The only exception to this was, I believe, Windows XP Pre-SP2, but once SP2 came out Microsoft limited the OS to 4GB of RAM because machines with PAE enabled with more than 4GB of RAM were having driver issues.


----------



## AsRock (Dec 24, 2012)

LAN_deRf_HA said:


> Could have sworn if you have a 32bit disc you can just call up Microsoft and they'll send you a 64 bit. Maybe they don't do that anymore.



I know if you have a Vista  64bit and 32bit OS CD's you can use the same key..  Can he not just download the 64bit version from MS as a ISO and put it on a disk ?.

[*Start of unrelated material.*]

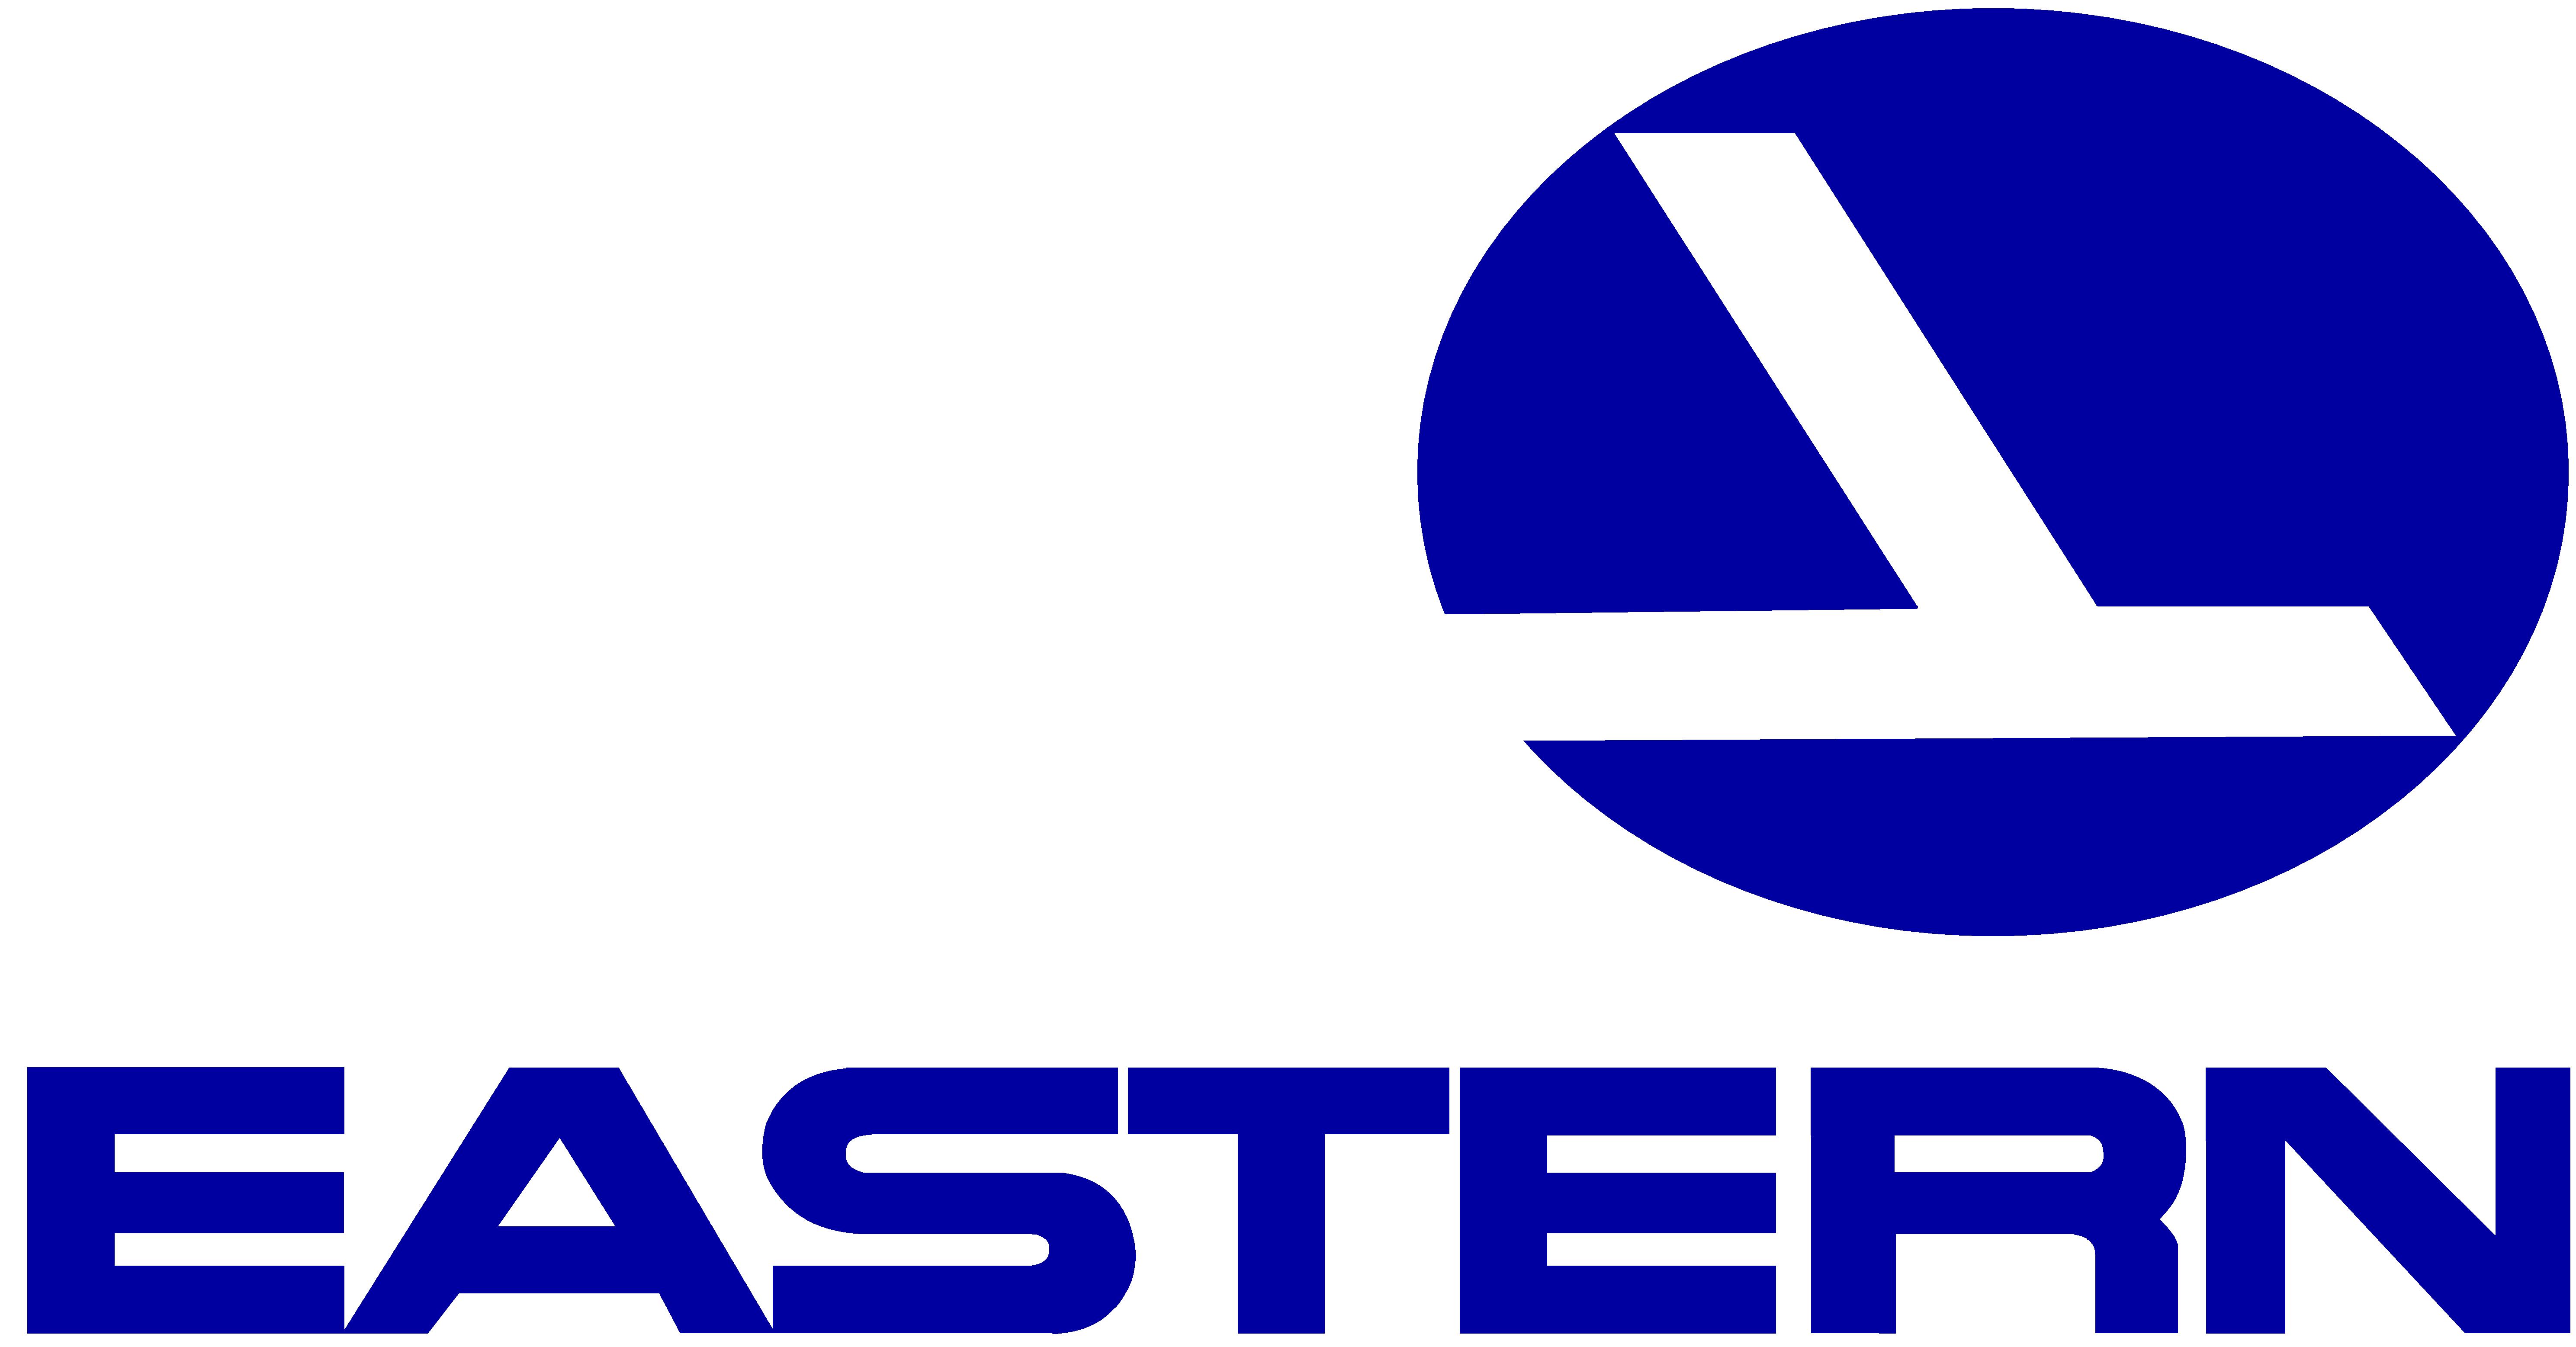 Eastern Logo Vector By Windytheplaneh On Deviantart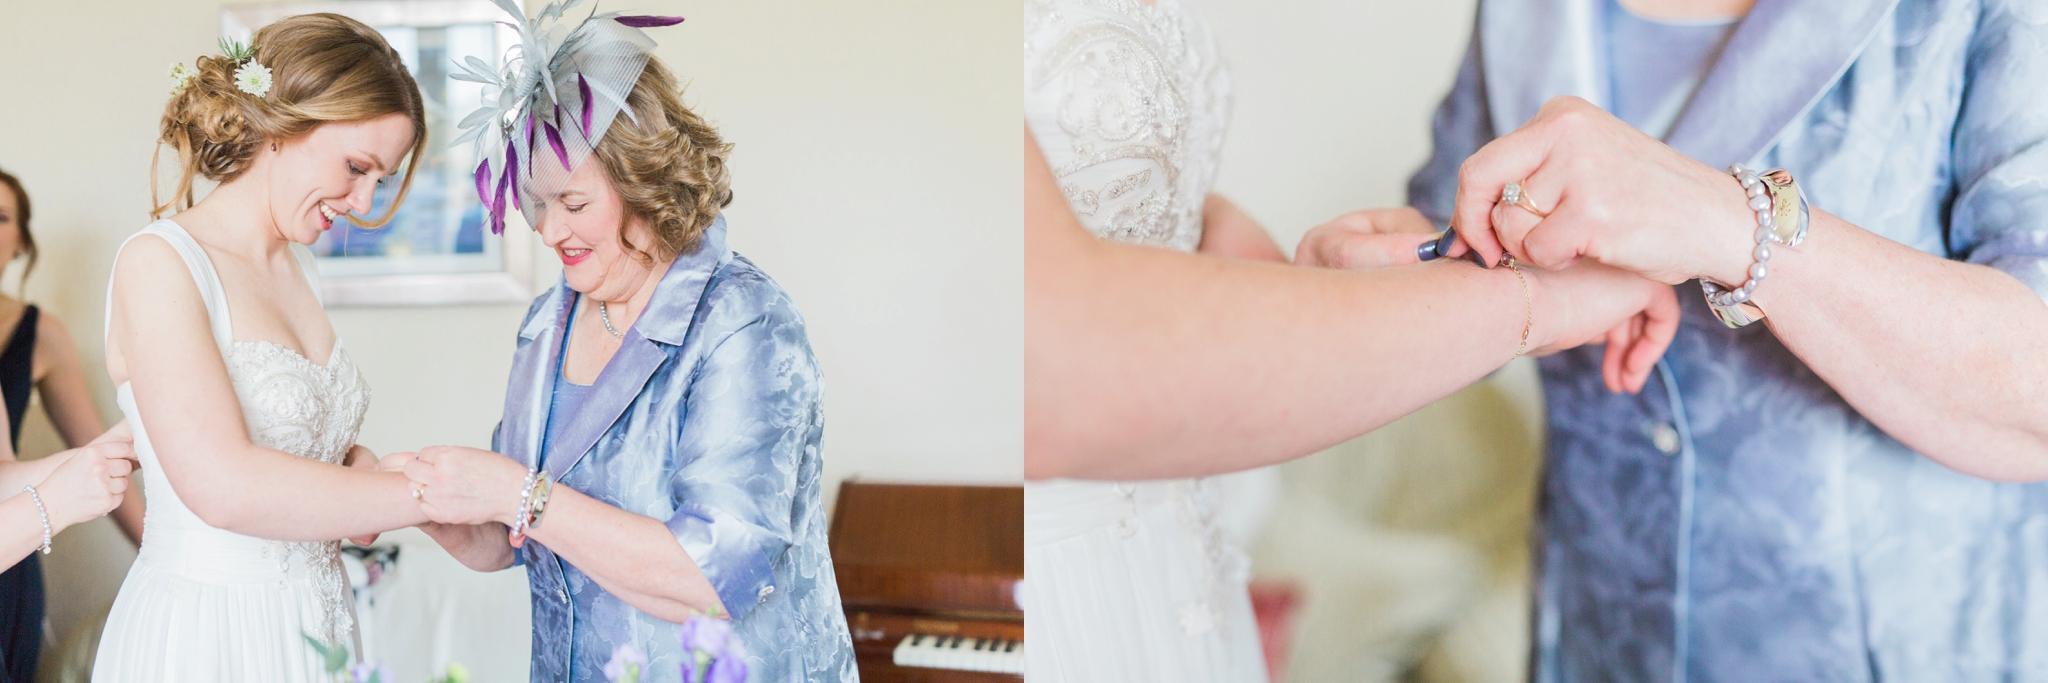 Suzanne_li_photography_kirknewton_wedding_0019.jpg

Hopfully you can do the same with win7 too.


----------



## newtekie1 (Dec 24, 2012)

AsRock said:


> I know if you have a Vista  64bit and 32bit OS CD's you can use the same key..  Can he not just download the 64bit version from MS as a ISO and put it on a disk ?.
> 
> Hopfully you can do the same with win7 too.



Yes, you can do the same with Windows 7.

He can download the 64-bit ISO for the version of Win7 he has from here:

http://techdows.com/2011/07/downloa...h-sp1-iso-official-direct-download-links.html


----------



## silkstone (Dec 24, 2012)

Why was this necro'd?


----------



## johnspack (Dec 24, 2012)

Yes,  if you have Win7 32bit,  you can just download a legal copy of Win7 64bit,  and install it with the same key.  Unfortunately,  you can't do an upgrade from 32bit to 64bit,  you'll have to do a fresh install.  You also must stay with the same version,  ie Home Premium,  Ultimate ect.


----------



## johnspack (Dec 24, 2012)

Arg,  didn't check the date of the op,  I'm embarrassed....


----------



## Frick (Dec 24, 2012)

brandonwh64 said:


> windows Xp x64 was problematic but windows 7 x64 has a wide range of programs that perform perfectly and also is backwards compatible with many programs.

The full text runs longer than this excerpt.